Myths, and beliefs about motherhood and parenting.
My honest thoughts on the most common thoughts, myths, and beliefs about motherhood and parenting.
Becoming a mother is about sacrifice.
I believe that sacrifice leads to resentment, so I like to think of it as compromise. Especially in our Middle Eastern culture, what we’ve seen and learned from our mothers, was that a woman should give up everything for her family. But times have changed, we didn’t go to university to keep our degree covered in dust.
You are still you, your hobbies, passions, your style, your likes, dislikes, your personality…you don’t have to change these just because you became a mother. Of course, there will be some tweaking and adapting needed here and there, hence why I call it, compromise.
Embracing the slowness of new motherhood, could feel like you’re lagging behind everyone else.
The beginning of motherhood is slow, long and tiring. It sucks all your energy, and requires every part of you to be present. This is a huge transition, the biggest ever, so give it your all. We live in a “bragging” society with social media impacting our mental health and self-esteem on a daily basis. Stuck in Dubai for the whole summer, every time I opened Instagram, all my efforts to stay mentally sane, went down the drain. So imagine how a new mother could feel, with the postpartum hormones and possibly the baby blues, it’s isolating.
Those first 2 years, your baby needs ALL of you, so put down that phone, who cares if so and so got promoted, or so and so started their own business while you spent endless nights humming in a dark room (maybe even talking to the walls)
Take this time as a chance to slow down because, it doesn’t last long!! Soon enough, you’ll be back on your feet, and that world will seem so far away… you might even reach your hand out and try to grab it again, but your 4 year will remind you, that you can’t turn back time so don’t try to fast forward it.
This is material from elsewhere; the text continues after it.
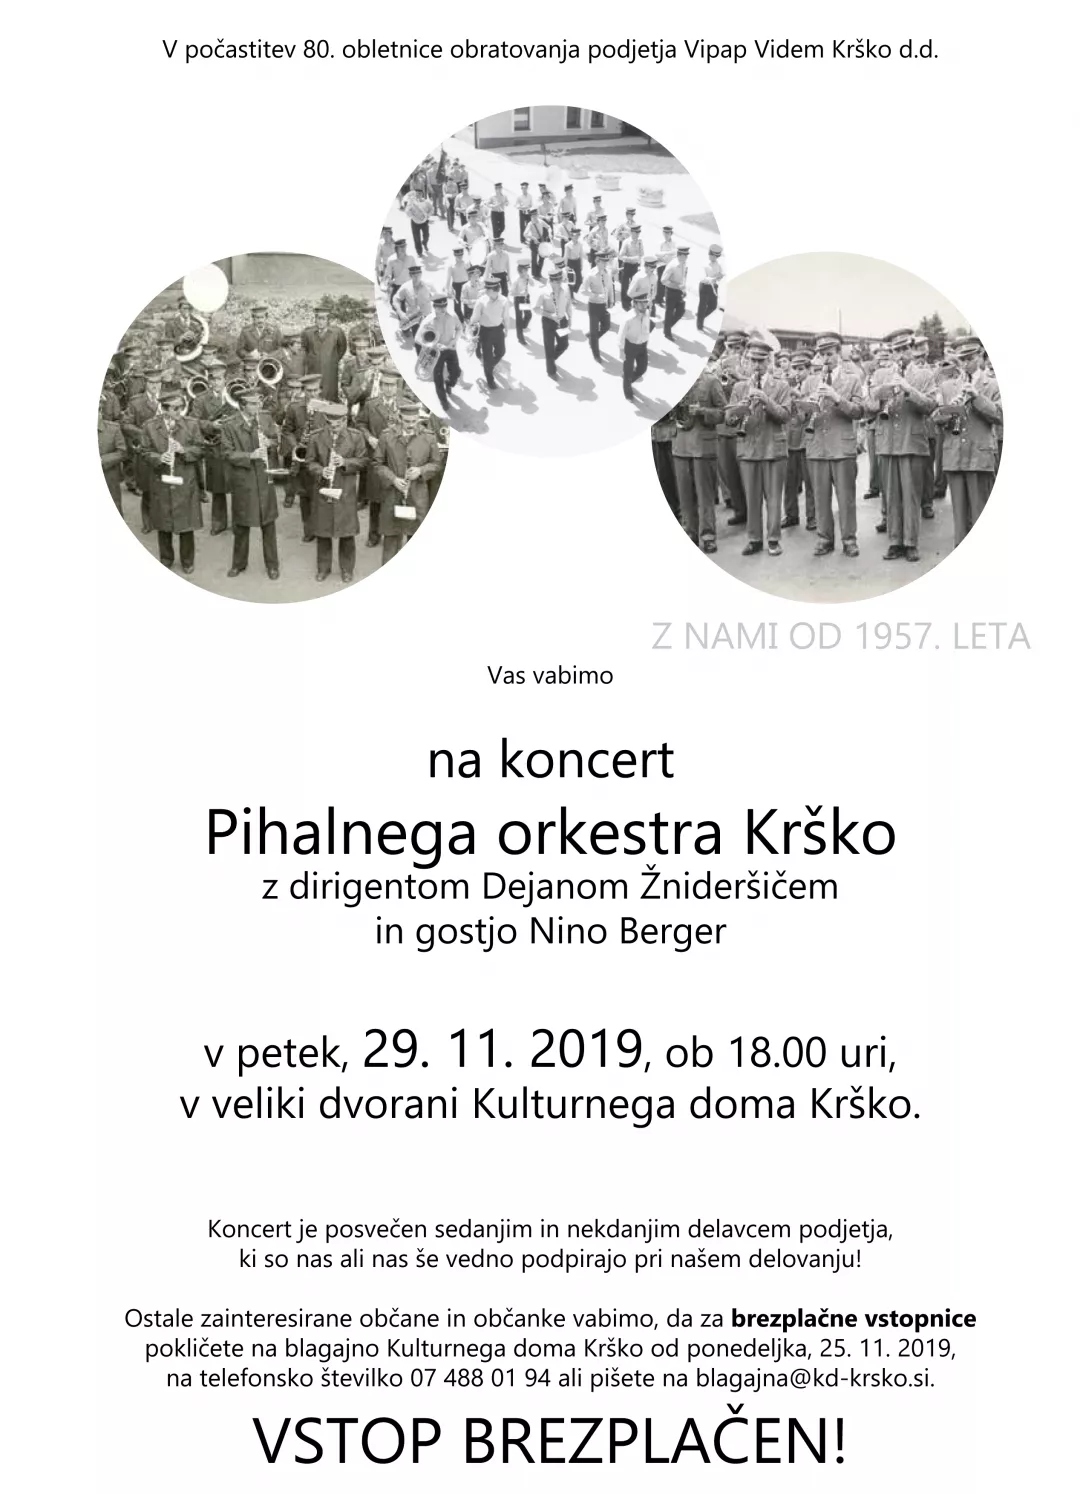 80 let Vipap Videm Krško - koncert Pihalnega orkestra Krško

Becoming parents, puts your relationship/marriage to the test
This is a big one. It’s the ultimate challenge and you take it on as a team. Think of it as your first major project together. You will work hard. You will experiment. You will strategize. You will be creative. You will succeed and you will fail. You will laugh and you will cry (hysterically sometimes). You will fight and you will bond like never before.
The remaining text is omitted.